During second period at my high school, I finally find the courage to reopen the dashboard of this blog and attempt to re-discover that love of writing I have learned to have over the course of my trip (after finishing my scientific paper of course). I should blog more often… There is always a multitude to write about; like life, most of the thoughts that fill my head are random and therefore plentiful. But I never know if it is something that interests others. When put next to the posts about our travels and the beautiful places and people my family has seen, stress about various school projects seem inadequate and petty. Maybe I should put that notion aside and write about anything and everything for myself. There is a certain satisfaction that is solely derived from the pressing of the blue button with which Wordpress provides me. “Publish.”

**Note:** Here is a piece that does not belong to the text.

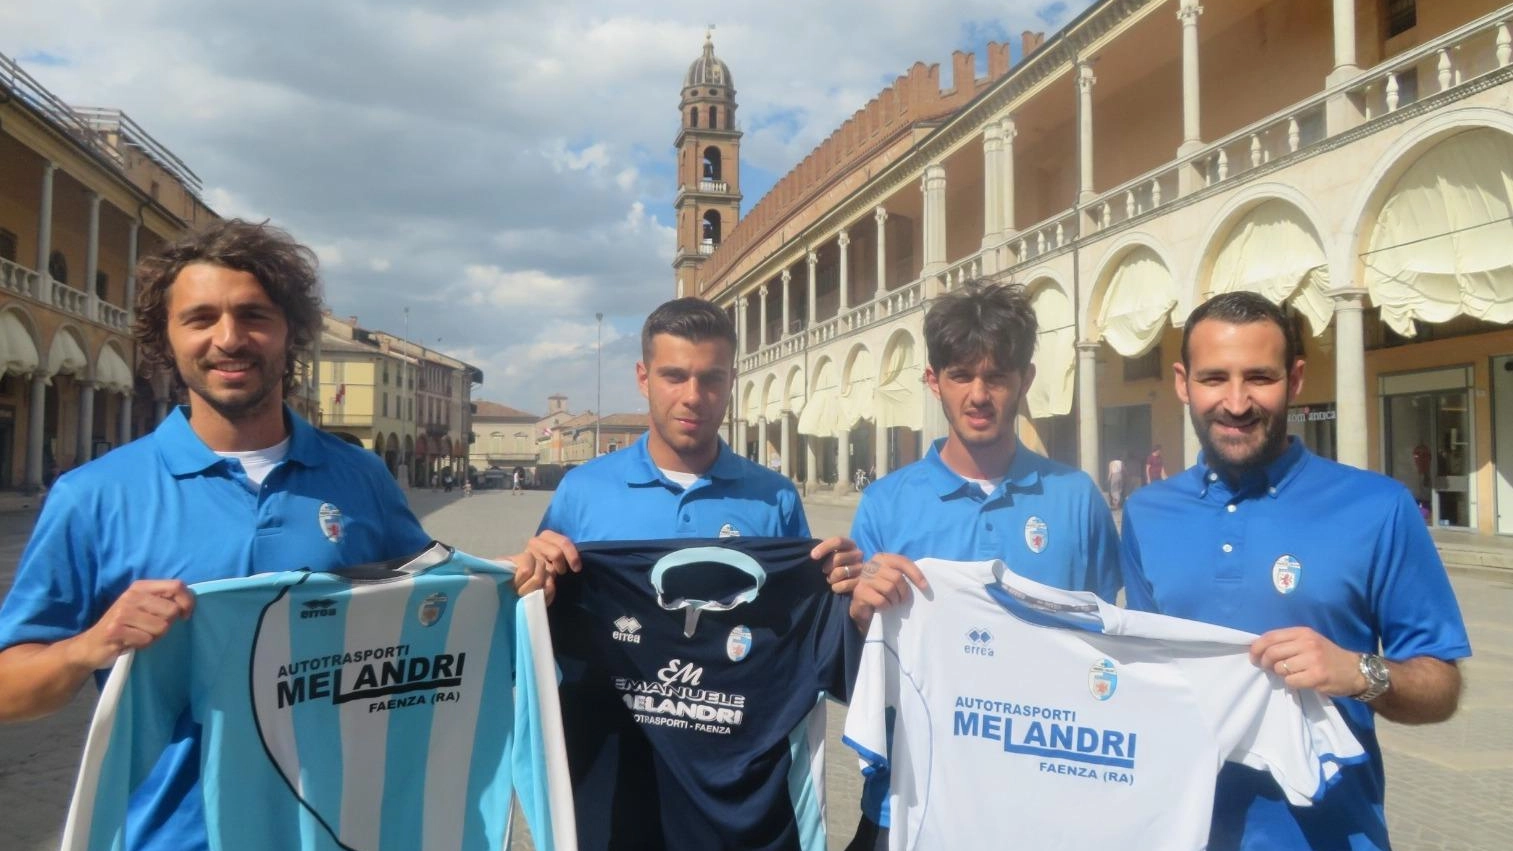 Il Faenza calcio conferma quattro giocatori chiave per la prossima stagione in Eccellenza, tra cui Albonetti e Gjordumi, elogiati per il loro contributo e esperienza.

Among the latest things that are on my mind, our imminent move to Berlin (Take Two) is first and foremost. Tickets are booked for June 3rd, 2013 and the container ship has already stolen away all of our earthly possesions. My apartment smells the same way it did before we moved in. In fact, I’m pretty sure a smell should be assigned to the smell of an empty house. It is both reminiscent, nostalgic, and purely sad, with an air of excitement and new beginnings. It smells like the closing of a door just as another one is opening.
Now more than ever I appreciate the luck that has befallen me here in Chicago. The IB education has proven to be enlightening and influencial and has made my prespective on learning and literature change tremendously. The teachers have been immensely supportive. I have found a new family here with kids that are so different from each other and yet all get along. I will miss them more than anything and this time around, I am truly leaving more than I thought I would ever have.
Providing me with their true friendship, I’ve received so much support from everyone and I know that those I have truly bonded with I will continue to be in touch with. I don’t worry too much about finding friends in Berlin. A good friend who spent a couple of years in Berlin informed me that although the people there aren’t as warm, once they are friends they are family. I guess I will have two families now.
As my last day of school progresses (I am writing during second period once more), I continually remind myeself that although this move is a new beginning, it is not the end to this.